Naturalmente questo pensiero, nell’epoca e nel periodo storico che stiamo vivendo, può sembrare sorpassato, in quanto attualmente ci si ritrova più spesso di fronte non solo ad unico concetto di cultura, ma sembra quasi di immergersi in una molteplicità di culture, proposte anche dalla stessa tecnologia, dal fenomeno sempre più “massiccio” della cosiddetta intelligenza artificiale, e per certi versi  tutte queste cose, finiscono per influenzare soprattutto, non soltanto  ciascun essere umano, ma di riflesso  anche l’intera società.
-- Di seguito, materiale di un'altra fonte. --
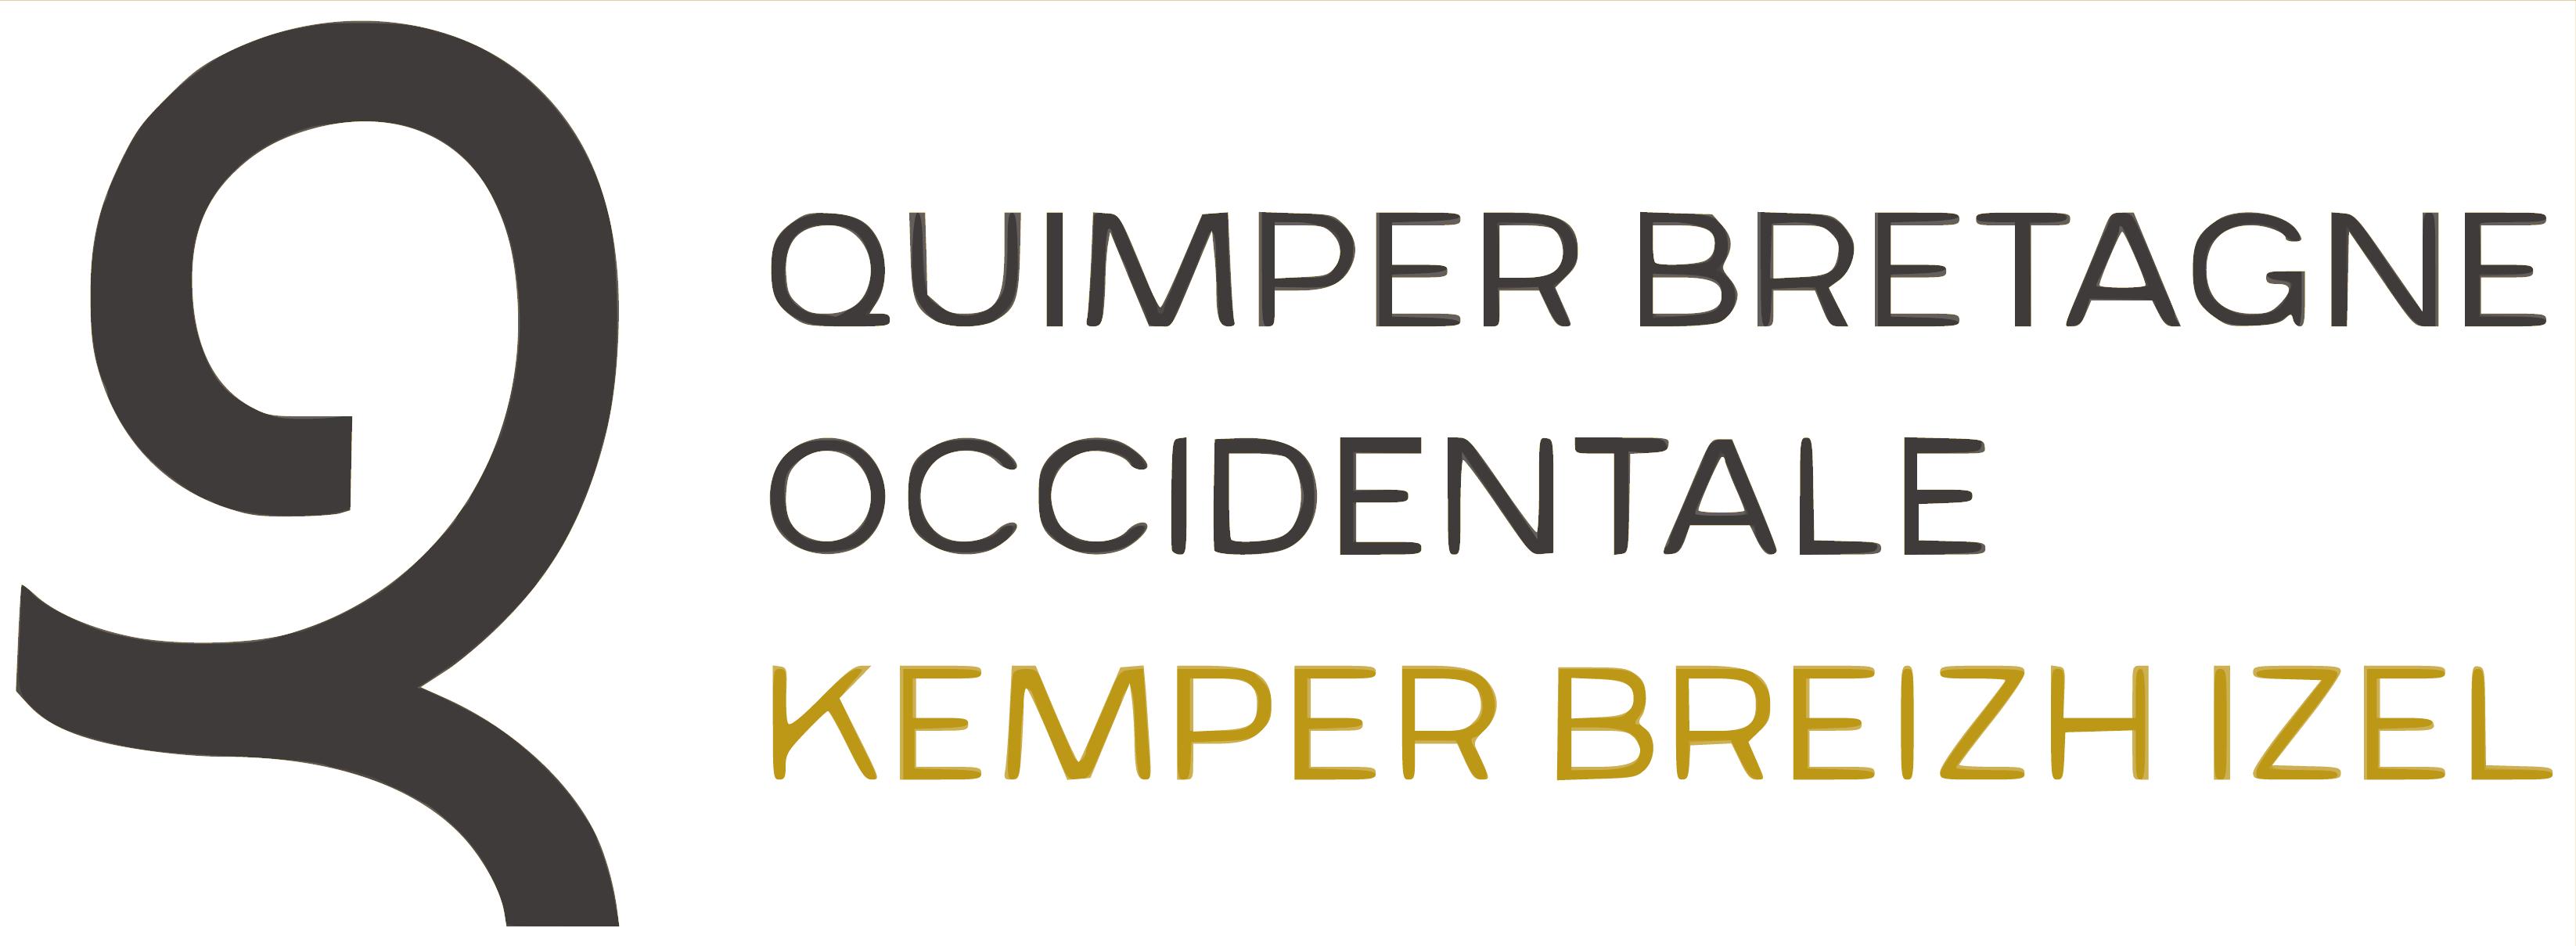 quimper-bretagne-occidentale
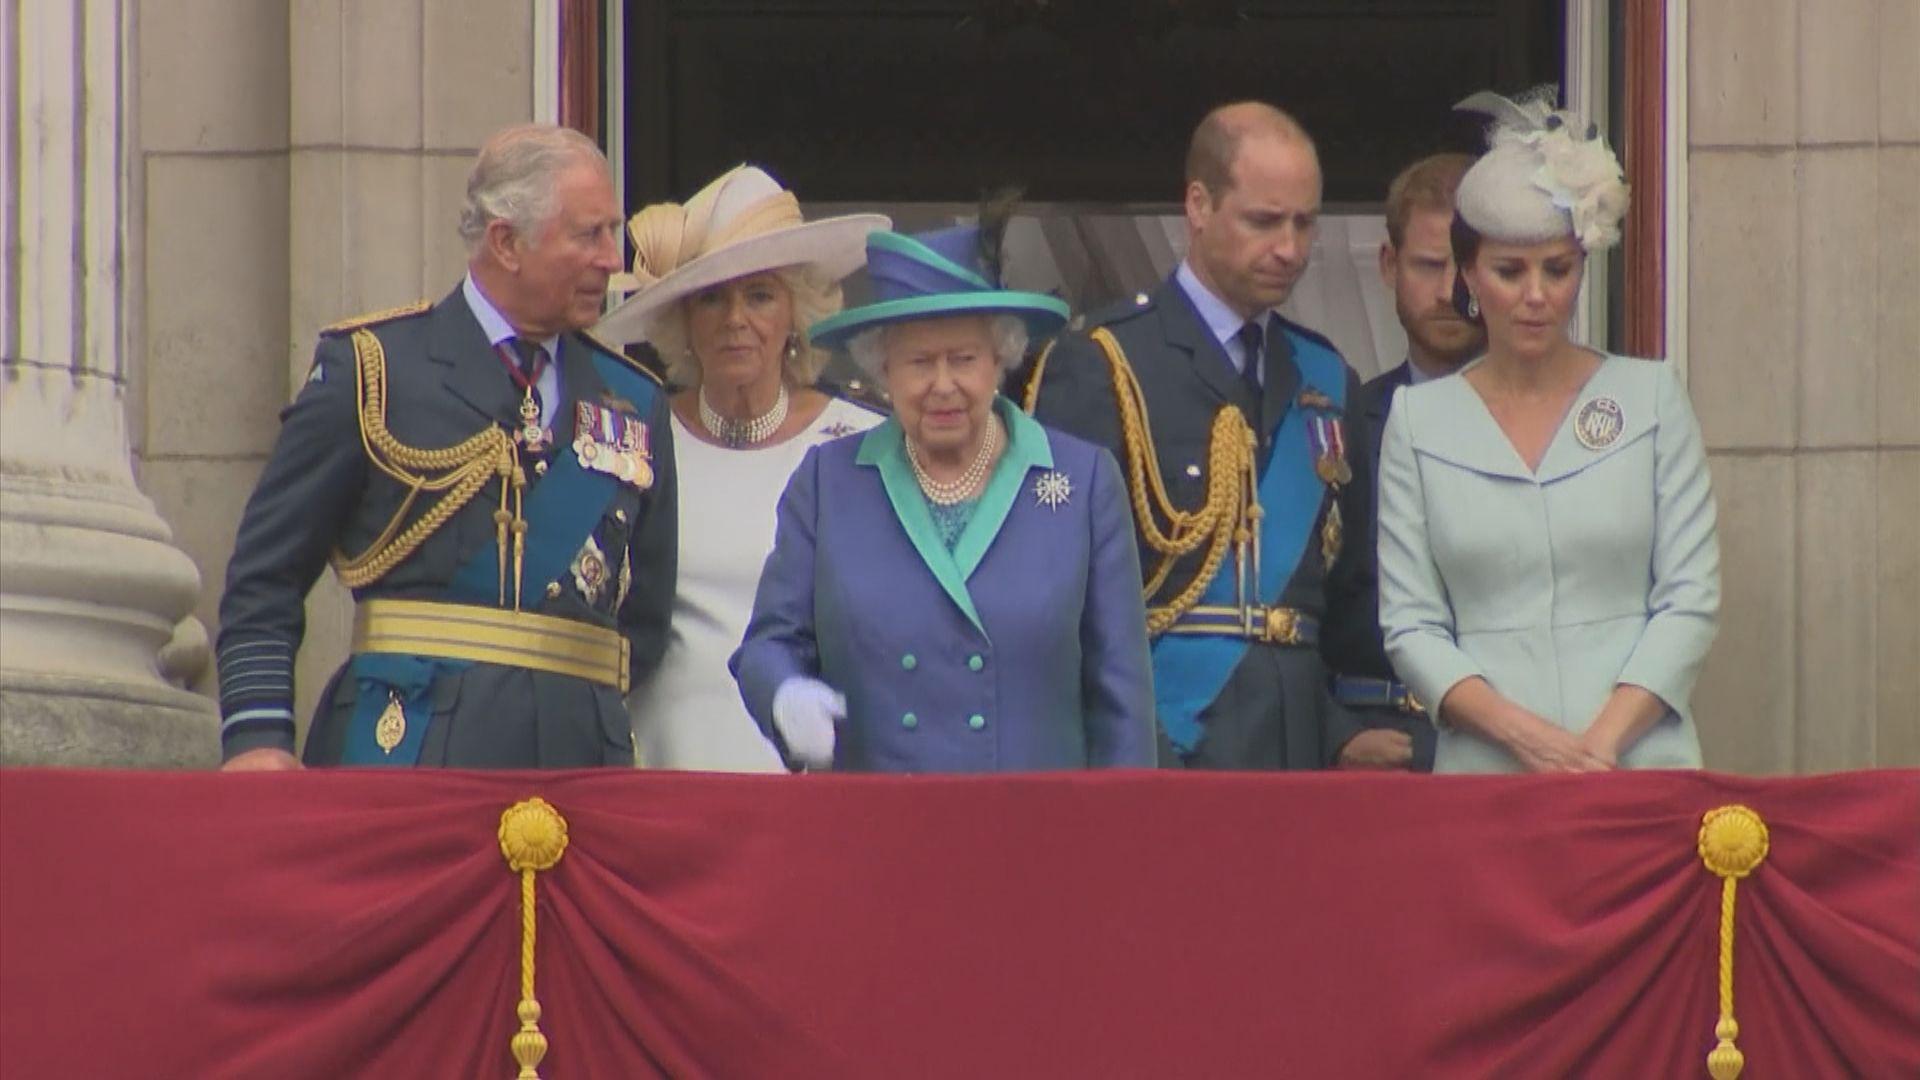 英女王:短期內敲定哈里夫婦淡出王室高層事務安排

Ormai la cultura non si identifica esclusivamente con le tradizioni scritte, ma già da qualche decennio i grandi mezzi di comunicazione con i nuovi sistemi multimediali:  come televisione, radio, internet, e i vari canali social,  che diventano così dei veri responsabili della cultura di massa, che rischia di prevalere su quella individuale.

Così non risulta difficile affermare, che da una cultura classica e ben radicata nella gente, si è giunti, quasi con la velocità della luce, ad una cultura che sembra subire e risentire delle mode che cambiano e dei giorni che passano.

Sono lontani i tempi di quando nei primi anni del secolo scorso, i giornali dedicavano la terza pagina alla cultura e ai fatti culturali in genere.

La famosa terza pagina apparve la prima volta l’11 dicembre del 1901, sul quotidiano romano “Il Giornale d’Italia” diretto da Alberto Bergamini (1871-1962) che presentava un commento e una critica alla commedia di Gabriele D’Annunzio (1863-1938)  “Francesca da Rimini “ rappresentata dalla grande attrice Eleonora Duse (1858-1924).

Da allora, quasi tutti i quotidiani riservarono la terza pagina con notizie e informazioni su tutto quello che si poteva considerare parte del fenomeno culturale e ancora oggi, nelle colonne dei quotidiani ci sono spazi riservati a tutto quanto fa cultura.

Solamente nel 1974 il governo italiano, pensò di dar vita ad un ministero che si occupasse di cultura: nasceva così  il nuovo ministero, che poneva l’accento sull’urgenza di una normalizzazione legislativa che potesse risolvere e  preoccuparsi della drammatica situazione che investiva tutta l’area dei Beni culturali.

E sappiamo tutti, come il nostro Paese, sia ricco di opere di ogni genere che arricchiscono il patrimonio stesso dell’intera nazione, e come le stesse opere siano un richiamo per milioni di turisti che girano per le nostre città, ricche di storia e naturalmente di cultura.

E’ fin troppo evidente, come sia cambiato, ai giorni nostri anche il modo di fare cultura e di considerare come tale, tanto per fare un esempio, alcuni film, che di culturale non hanno un bel niente; anche la stessa scuola a volte spaccia il nozionismo per cultura, creando così dei tuttologi, che credono di conoscere e allo stesso tempo di sapere tutto, ma alla fine si dimostrano superficiali.

Per molto tempo si è identificata la cultura con l’istruzione, come se chi avesse appreso più informazioni, letto più libri, potesse essere in qualche modo un privilegiato nella società, e occupare quasi di diritto  un posto preminente.

Anche in una società consumistica come quella odierna, la stessa cultura deve essere diretta, non solo verso un popolo “eletto”, ma costituire sempre più un insieme di conoscenze che permettano all’uomo di vivere in pace e armonia con tutto ciò che lo circonda, ed essere occasione di incontro e non di scontro con altri essere umani o con intere civiltà e modi di vivere, differenti dal nostro.

Riportiamo infine il pensiero dello scrittore marocchino Tahar Ben Jelloun che afferma “Con la cultura si impara a vivere insieme; si impara soprattutto che non siamo soli al mondo, che esistono altri popoli e altre tradizioni, altri modi di vivere che sono altrettanti validi dei nostri”.